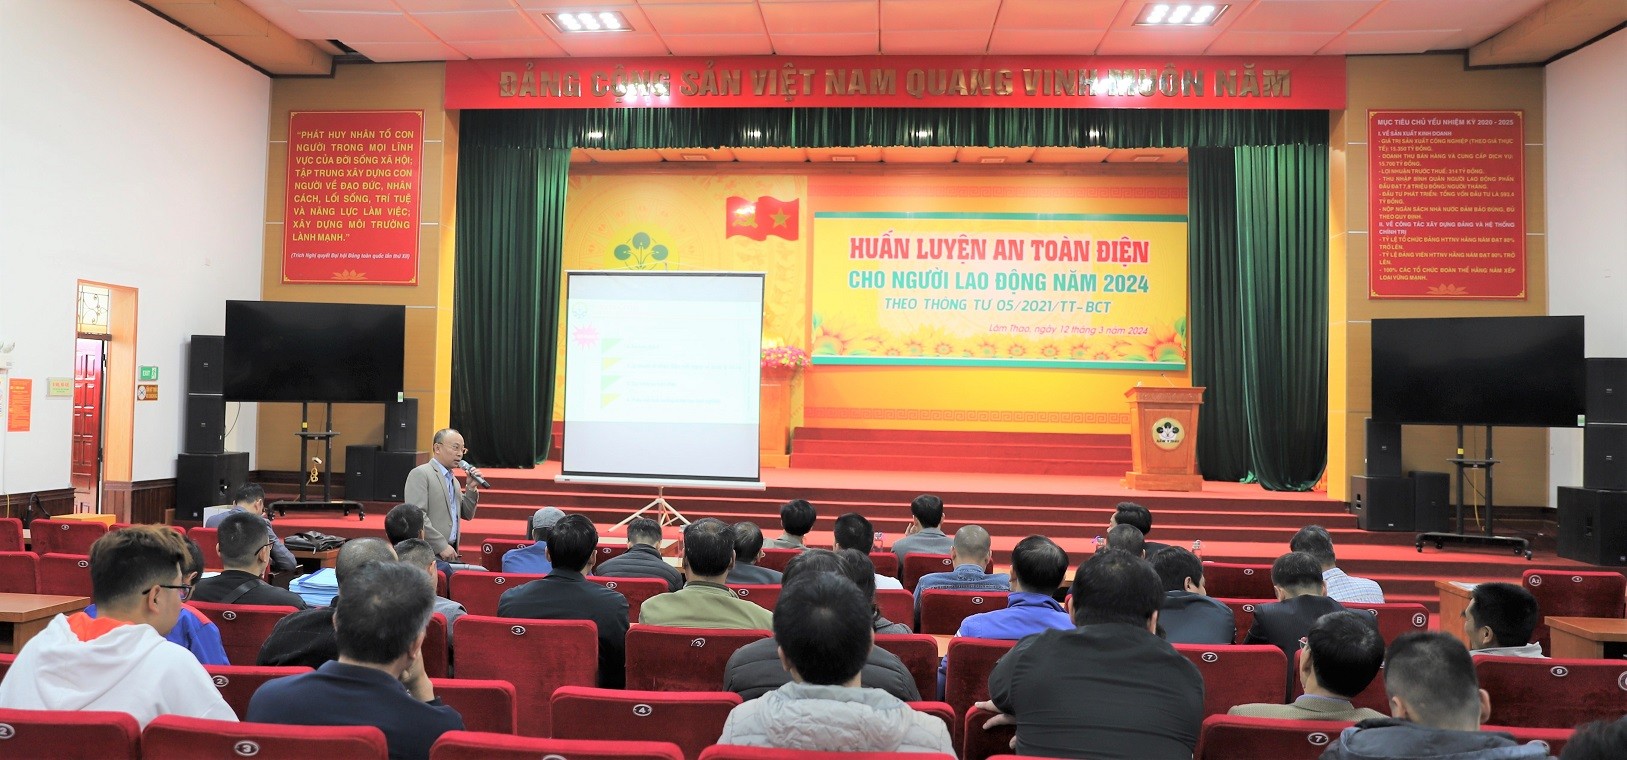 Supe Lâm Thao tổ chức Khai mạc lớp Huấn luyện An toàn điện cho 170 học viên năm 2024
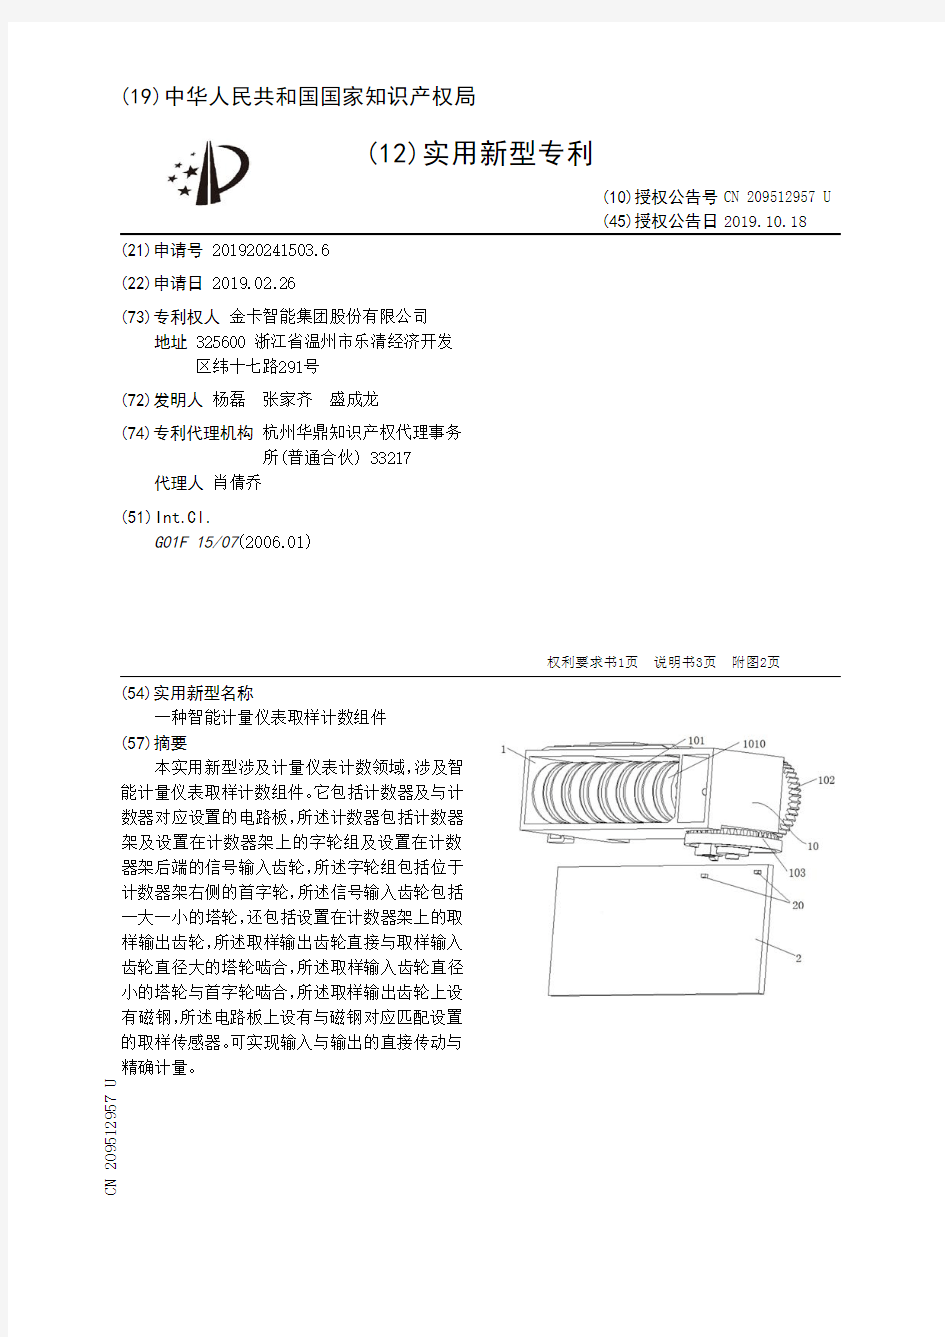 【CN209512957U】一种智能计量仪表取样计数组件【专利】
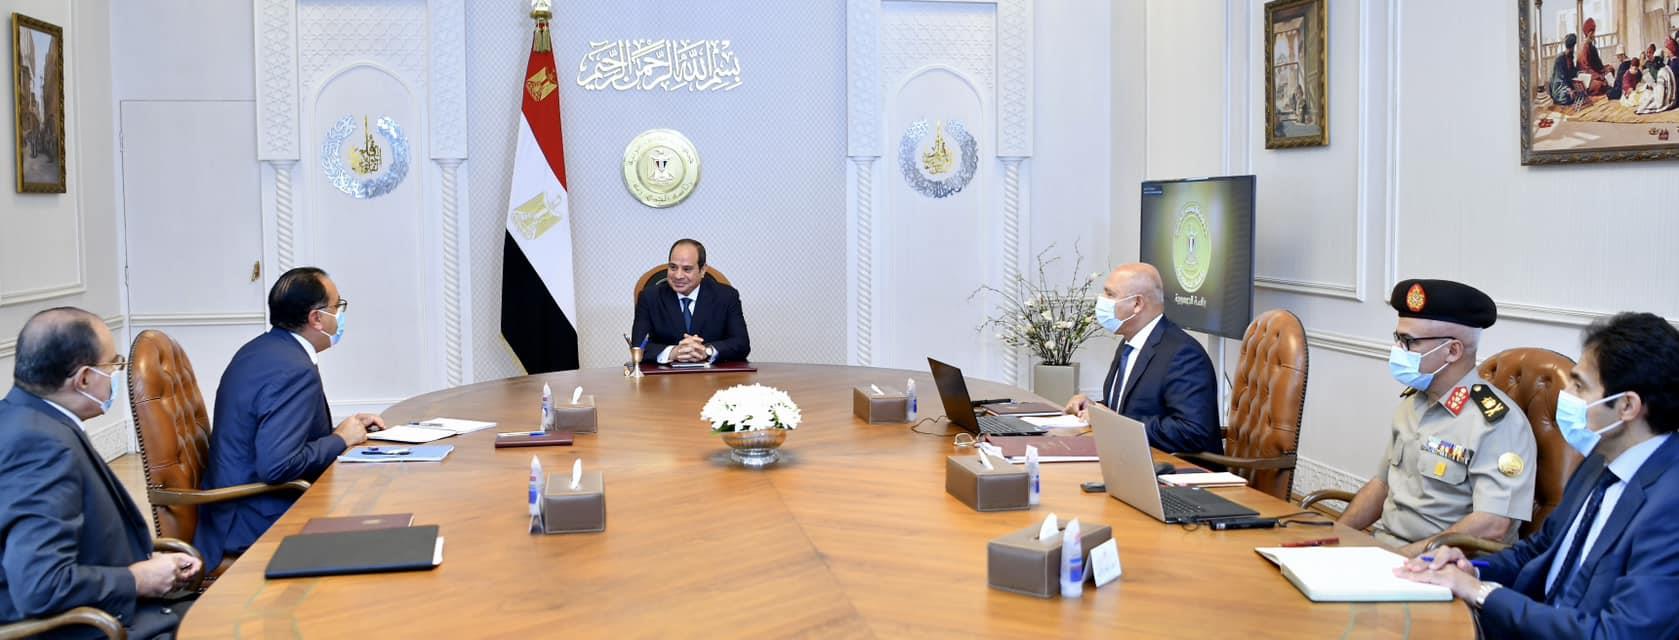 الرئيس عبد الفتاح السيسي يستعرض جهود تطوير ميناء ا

────────────────────

## The problem
When repeating the listing, keep each line exact and exclude the pictures.

## Written reply
 Supe Lâm Thao tổ chức Khai mạc lớp Huấn luyện An toàn điện cho 170 học viên năm 2024
 【CN209512957U】一种智能计量仪表取样计数组件【专利】
 الرئيس عبد الفتاح السيسي يستعرض جهود تطوير ميناء ا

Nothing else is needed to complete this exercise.